La inteligencia estratégica, nacional y militar, brilló por su ausencia, y la contrainteligencia, que es la acción que consiste en negar información al adversario, fue desatendida.

En cuanto al Estado Mayor Conjunto, evidenció, tanto antes de las operaciones como durante ellas, ser un organismo burocrático e inoperante. Los generales Menéndez y Oscar Jofré, influenciados por un erróneo asesoramiento naval, no le asignaron real importancia a la estratégica zona de San Carlos para que los británicos conformaran una “cabeza de playa”, a pesar de que un isleño había alertado que era el sitio más adecuado para el desembarco, que se produjo el 21 de mayo.

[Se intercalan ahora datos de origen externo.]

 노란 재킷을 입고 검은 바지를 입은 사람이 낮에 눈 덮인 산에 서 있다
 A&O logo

El conflicto tuvo dos fases: la primera, predominantemente aeronaval, entre el 1º y el 20 de mayo; y la segunda, predominantemente terrestre, entre el 21 de mayo y el 14 de junio. Durante la fase aeronaval, nuestras fuerzas en tierra fueron sometidas a un desgaste psicofísico en las húmedas y frías trincheras, esperando el desembarco británico. La fase terrestre la iniciamos conscientes de nuestras propias limitaciones, de haber cedido totalmente la iniciativa al enemigo y de la imposibilidad de recibir apoyo del continente.

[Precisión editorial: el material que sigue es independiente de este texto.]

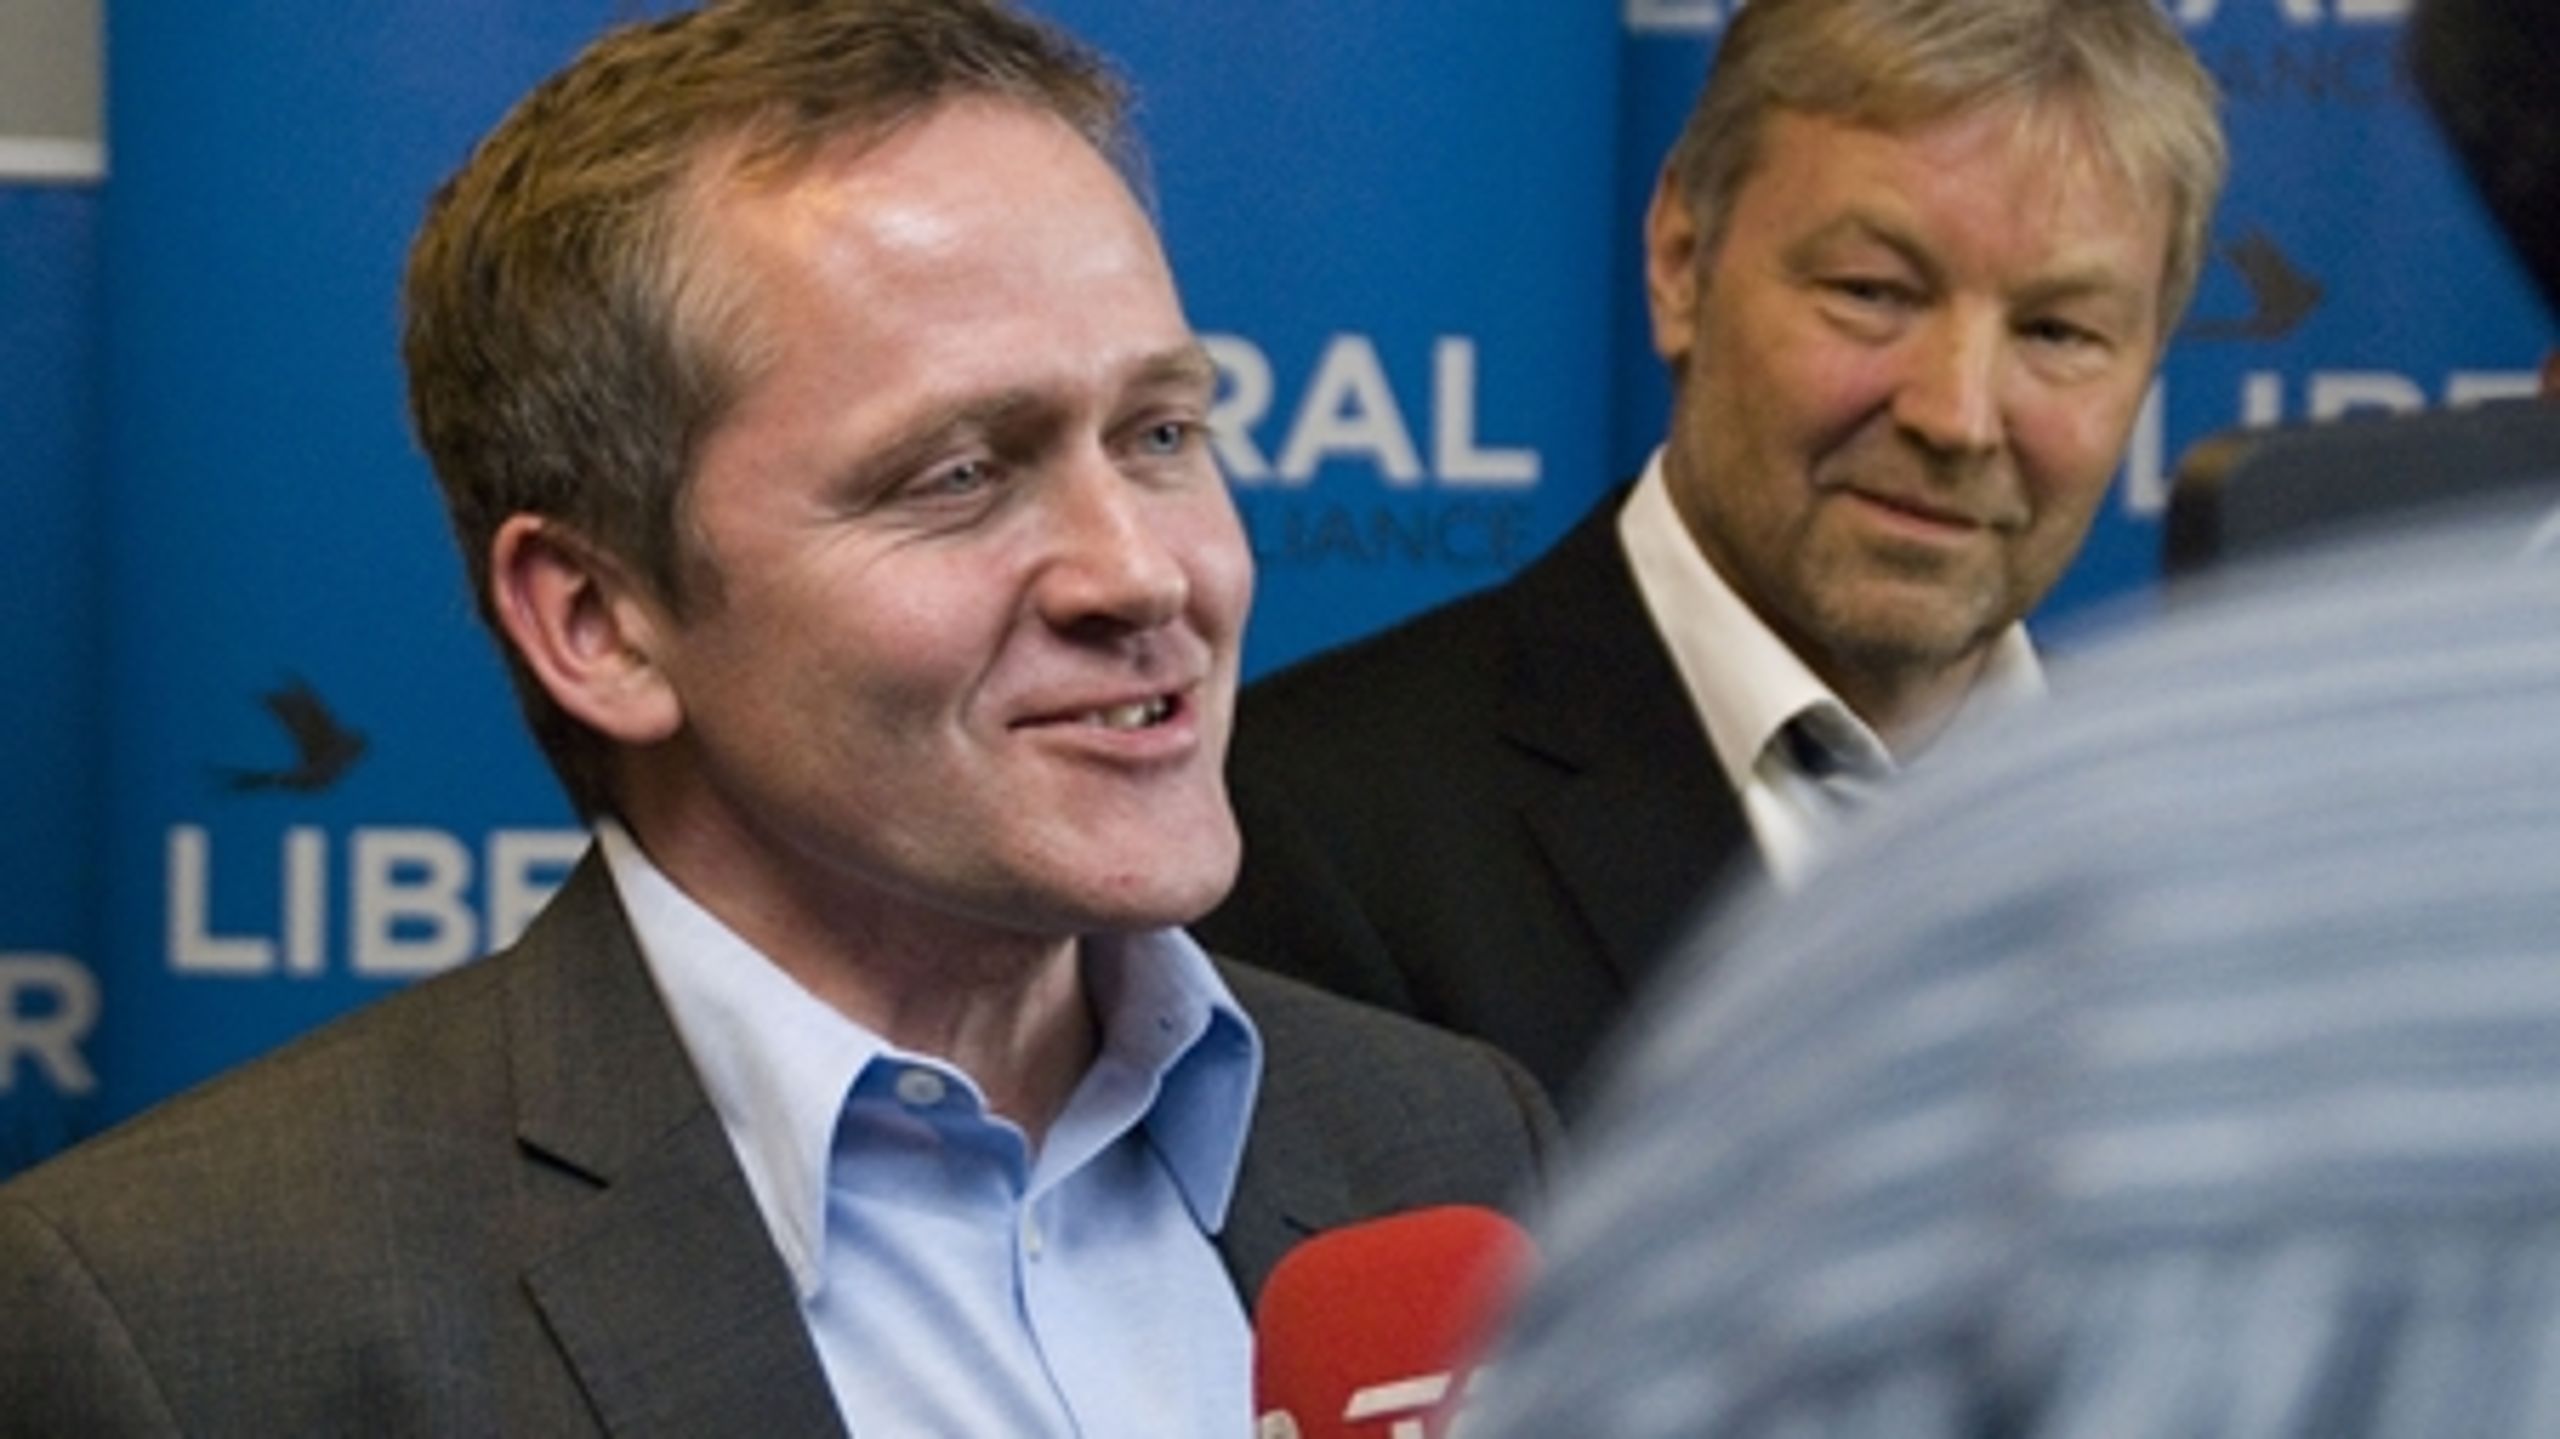 Anders Samuelsen gjorde det umulige og fik Liberal Alliance i Folketinget med 9 mandater.

Nuestro poder de combate fue eliminado por partes: primero, nuestra flota de superficie, que se automarginó del conflicto sin siquiera intentar disputar el espacio marítimo; segundo, la Fuerza Aérea y la Aviación Naval, debido a las importantes pérdidas sufridas, a pesar de los reconocidos éxitos iniciales y la excelente profesionalidad evidenciada; por último, los efectivos terrestres del Ejército y de la Infantería de Marina, cuando el estrangulamiento terrestre cerró definitivamente el previsible cerco total que condujo a la inevitable rendición.

Una distorsionada expresión del ser nacional, exitista y derrotista por antonomasia, no rescató inicialmente en su justa medida el comportamiento de quienes pelearon por un sentimiento, pero sí lo hicieron los británicos.

Además, el conocido informe Rattenbach expresa: “Es importante señalar que hubo unidades que fueron conducidas con eficiencia, valor y decisión. En esos casos, ya en la espera, en el combate o en sus pausas, el rendimiento fue siempre elevado. Tal el caso, por ejemplo, de la Fuerza Aérea Sur, la Aviación Naval, los medios aéreos de las tres fuerzas destacados en las islas, el Comando Aéreo de Transporte; la Artillería de Ejército (Grupos de Artillería 3 y 4) y de la Infantería Marina; la Artillería Antiaérea de las tres Fuerzas Armadas, correcta y eficazmente integradas, al igual que el Batallón de Infantería de Marina 5, el Escuadrón de Caballería Blindada 10, las Compañías de Comandos 601 y 602 y el Regimiento de Infantería 25. Como ha ocurrido siempre en las circunstancias críticas, el comportamiento de las tropas en combate fue función directa de la calidad de sus mandos”.

La República Argentina jamás recurrirá nuevamente a la violencia y mucho menos a su extrema expresión: la guerra. Esta constituye uno de los actos más trágicos en la vida de los pueblos y, por desgracia, también una de las más frecuentes maneras en que se han intentado resolver las disputas en la historia. Es el diálogo, el respeto y la vocación por la paz lo que debe ser depositado en el corazón de los seres humanos.

Todos los muertos de Malvinas, argentinos y británicos, siguen viviendo no solo en la turba isleña y en el mar austral, sino también donde la verdadera humanidad mantiene su alto valor.

*Ex jefe del Ejército Argentino, veterano de la guerra de Malvinas y ex embajador en Colombia y Costa Rica.